The sample is divided via channels in the sample processing module for loading onto the test membrane and the control membrane in the sensor cartridge of the devices as described herein. The test membrane can include an immobilized capture probe that captures detection probe free of the controlled substance. The control membrane can includes an immobilized loading control probe that captures a detection probe that is bound to and/or free of the controlled substance.

Presence or level of the controlled substance in the sample can be detected by measuring a signal released from the detection probe or a detectable label conjugated to the detection probe on the test membrane. Sample loading onto the control membrane can be validated by measuring a signal released from the detection probe or a detectable label conjugated to the detection probe on the control membrane.

Accordingly, methods described herein involve detection of a test signal that indicates presence/absence of the controlled substance in the sample and a control signal that validates sample loading. In some examples, the test signal and/or the control signal are detected by eye. Alternatively, or in addition to, the test signal and/or the control signal are detected using a detection device such as a mobile electronic device (e.g., a mobile phone, a portable computer). In such instances, the sensor cartridge is loaded into a detection cradle comprising optical components (e.g, lens, light-emitting diode (LED)) that convert light into an electrical signal for measurement and/or analysis using a detection device.
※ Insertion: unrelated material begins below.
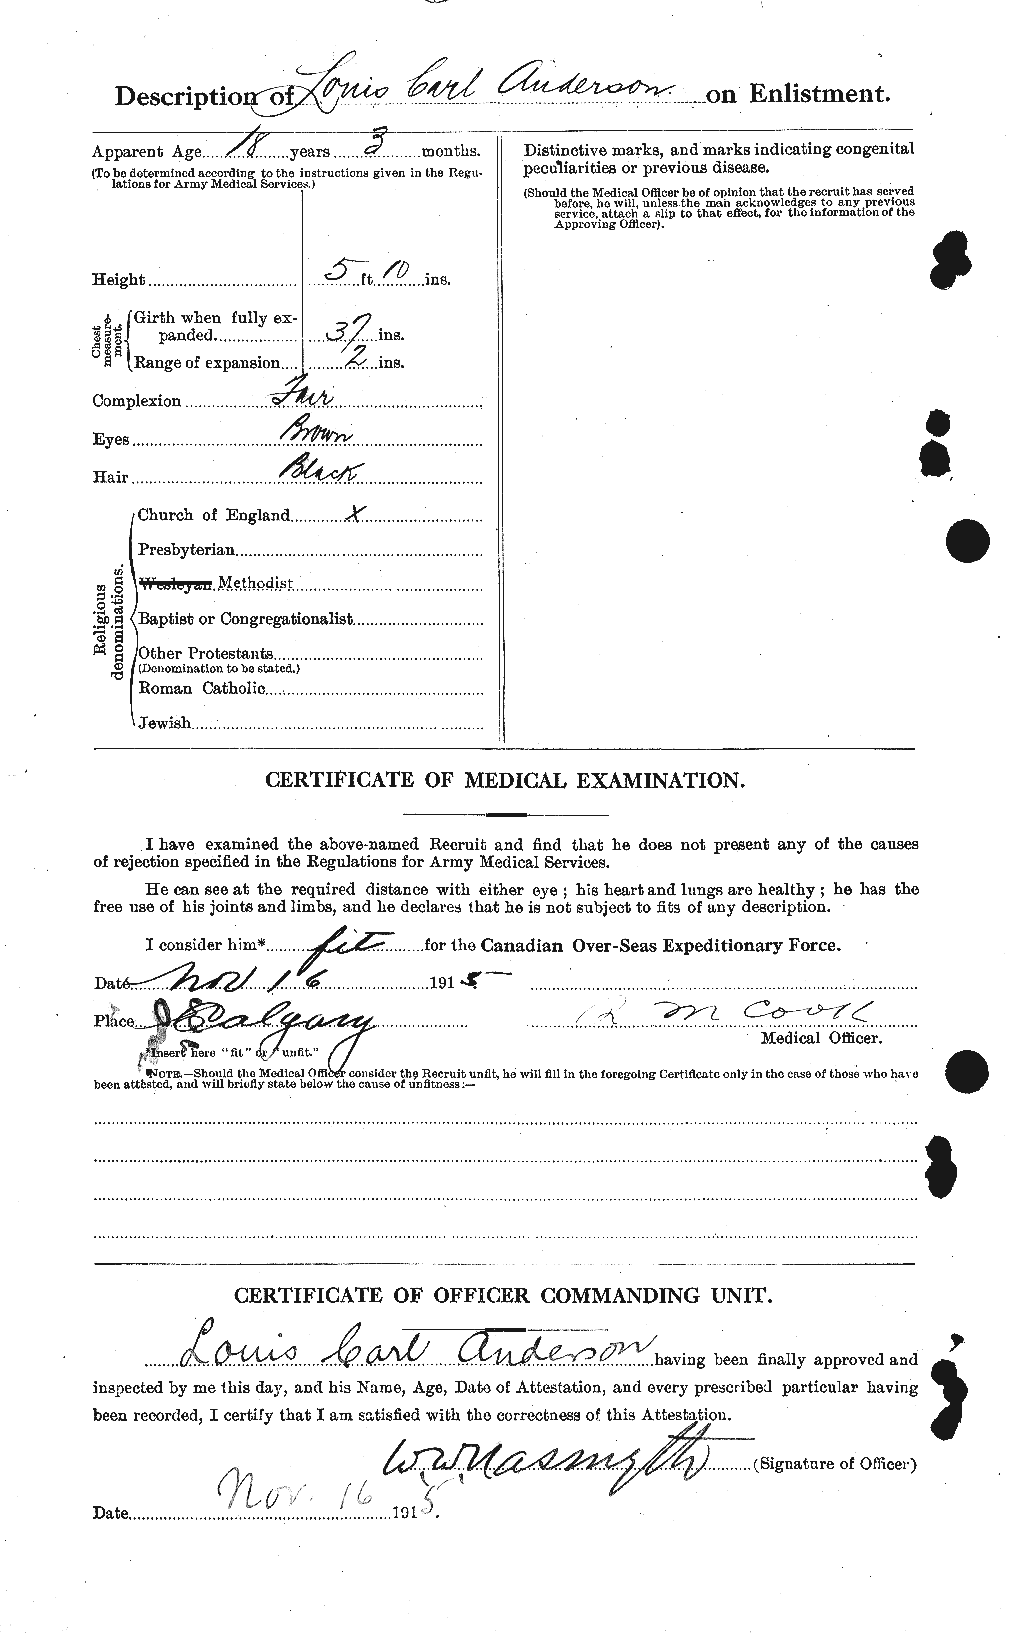 Personnel Records of the First World War - CEF 207500b

To perform methods disclosed herein, the sample can be processed and moved through the devices as described herein using an actuator, which can be a cap having a protrusion that forms a piston relative to a chamber (e.g, sample chamber) when the cap is joined to the chamber (e.g, sample chamber). An actuator can be used to move the sample from the sample chamber to the metering reservoir. In some examples, when the sample is collected using an oral swab, the actuator compresses the oral swab, thereby extracting saliva. An actuator can also be used to move the sample from the metering reservoir through the loading chamber and into the detection cartridge. Accordingly, methods described herein can involve engaging an actuator with the sample chamber and the air chamber. Methods provided herein can encompass detecting a controlled substance, or lack thereof, in various samples from a subject. The methods can include detecting one or more controlled substances, e.g ., 2 controlled substances, 3 controlled substances, 4 controlled substances, or more.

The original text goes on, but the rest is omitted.